Out of the approaches mentioned above, three needs more elaboration that was already given. One is factor analysis. 
The other one is multitrait multimethod. And finally he last one is the role of background knowledge to assess the 
role of bias in the testing process. 

2.2.1 Factor Analysis 

Baker (1989) maintains that "factorial analysis is broadly speaking, to simplify a variety of sets of scores (which we 
will call variables) for a given population" (p. 62). 

There are two major types of factor analysis: exploratory and confirmatory. 

As for exploratory factor analysis, Bachman (1990) maintains, "In the exploratory mode, we attempt to identify the 
abilities, or traits that influence performance on tests by examining the correlations among a set of measures" (p. 
260). Bachman (1990) offers the following insight about confirmatory factor analysis: "In the confirmatory mode, 
we begin with hypotheses about traits and how they are related to each other, and attempt to either confirm or reject 
these hypotheses by examining the observed correlations" (p. 260). 

2.2.2 Multi trait Multimethod 

Perhaps the pioneers for MTMM designs can be Campelle and Fiske (1959). Palmer and Groot (1981) maintain that 
the design was applied to language testing by Stevenson (1981). There will be an overview of the concept followed 
by theoretical underpinnings to be further followed by research studies. 

Test scores may be the function of the trait and the method used to test it. For example, a trait may be tested 
differently by different methods like multiple choice completion and simple completion. If two individuals with the 
same overall grammatical knowledge perform differently under the two test conditions using two different methods, 
then the difference can be attributed to the influence which using different methods has exerted. Essential to the 
MTMM designs are the notions of convergent and divergent validity. 
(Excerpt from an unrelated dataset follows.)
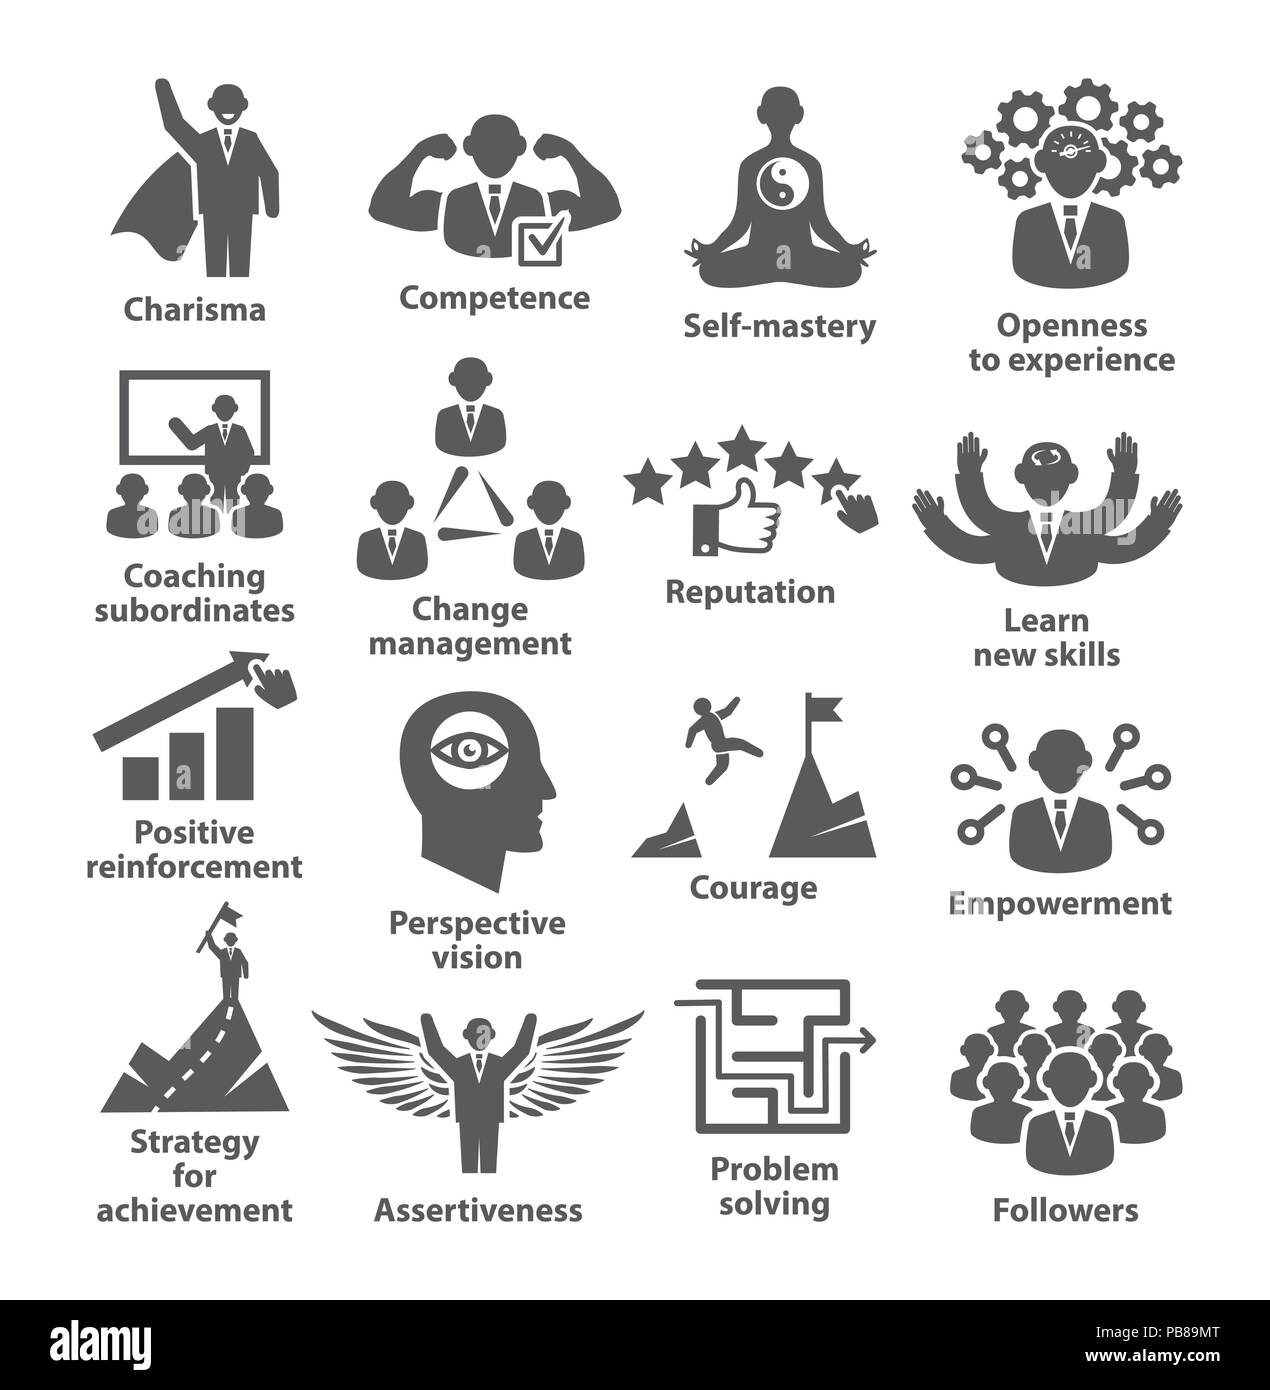 Business Management Pack 45 iconos iconos para el liderazgo, carrera Imagen  Vector de stock - Alamy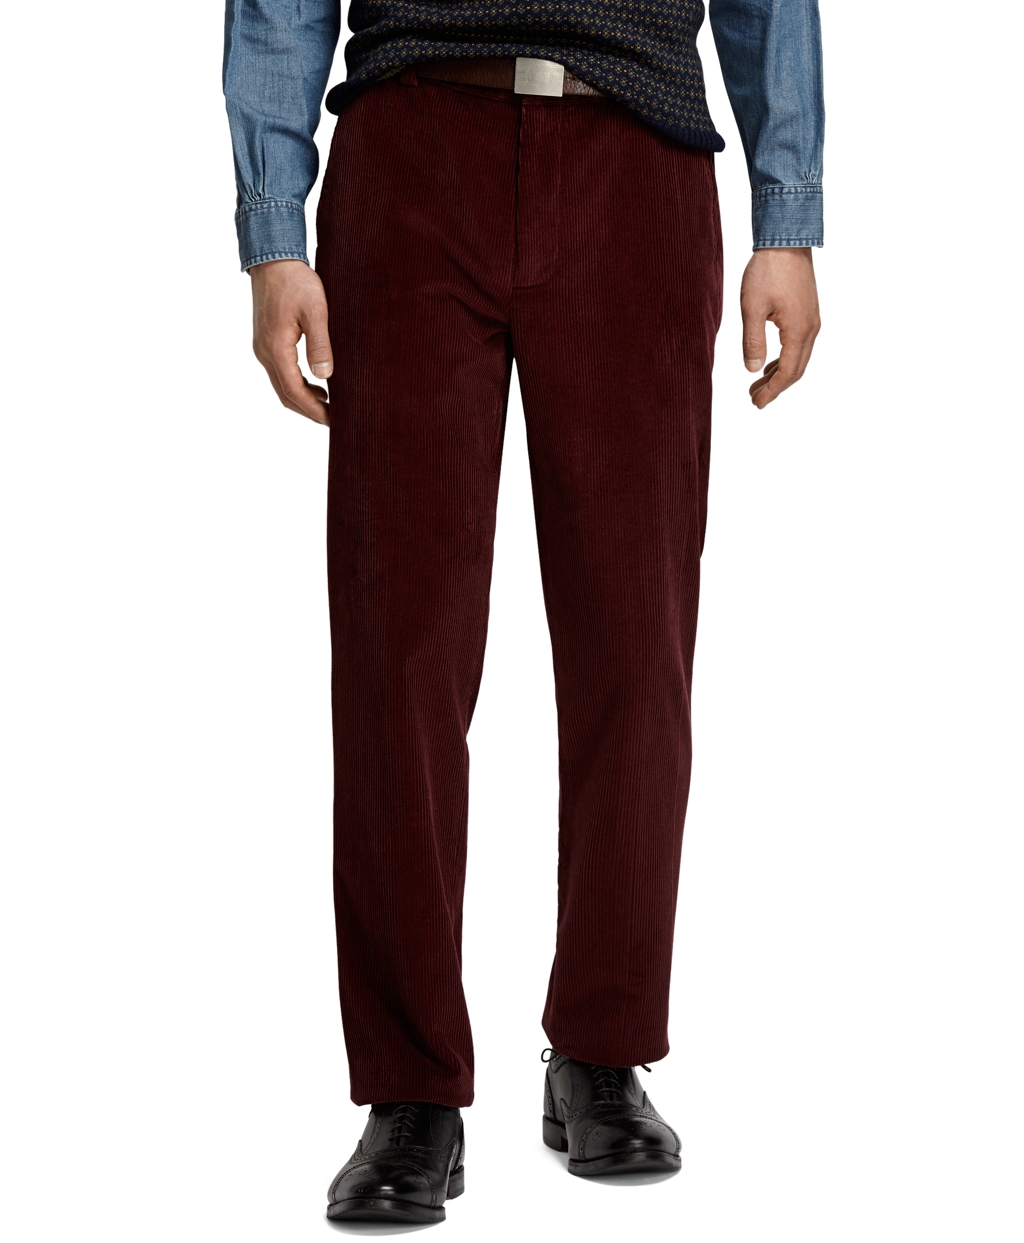 Lyst - Brooks Brothers Clark 8-wale Corduroy Pants in Purple for Men

As for the convergent validity, it can be maintained that if a trait is to be tested by two methods, because the trait is 
the same in each method, the correlation is expected to be high. So, if a group of testees take a grammar test in the 
form of multiple choice and simple completion, the correlation is supposed to be high because in each case grammar 
is being tested and any difference can be attributed to the effect of the method exercised. 

On the other hand, divergent or discriminant validity is logically related to the convergence of scores. The difference 
between convergence and divergence can be illustrated with an example. Vocabulary and grammar are supposed to 
tap different constructs. To the extent that these two produce a low correlation speak to the discriminant validity of 
the tests. 

Palmer and Groot (1981) rightfully remind us that a high correlation between two apparently distinct traits may 
indicate that the two may be related deep down. For example, reading and writing are supposed to be distinct traits 
and a low correlation is expected. But a relatively high correlation goes to show the two skills tap similar skills like 
vocabulary knowledge and world knowledge. As Palmer and Groot maintain the MTMM designs can be shown in a 
matrix. To illustrate the point, the example pointed out above can be shown by a matrix as in Table 1. 

As it can be observed, the two traits (grammar and vocabulary) and the two methods (multiple choice and fill-in-the 
blanks) are shown in the matrix. Correlational analysis can provide evidence for the convergent and discriminant 
validity of the tests. High correlations between test #1 and test # 2 will provide evidence for the convergent validity 
of the grammar tests. By the same token, evidence of convergent validity for the vocabulary tests can be found via 
high correlations between test # 3 and test # 4. On the other hand, low correlations between test #1 and test # 3, test 
# 2 and test # 4 speak to the degree that the tests demonstrate evidence of discriminant validity.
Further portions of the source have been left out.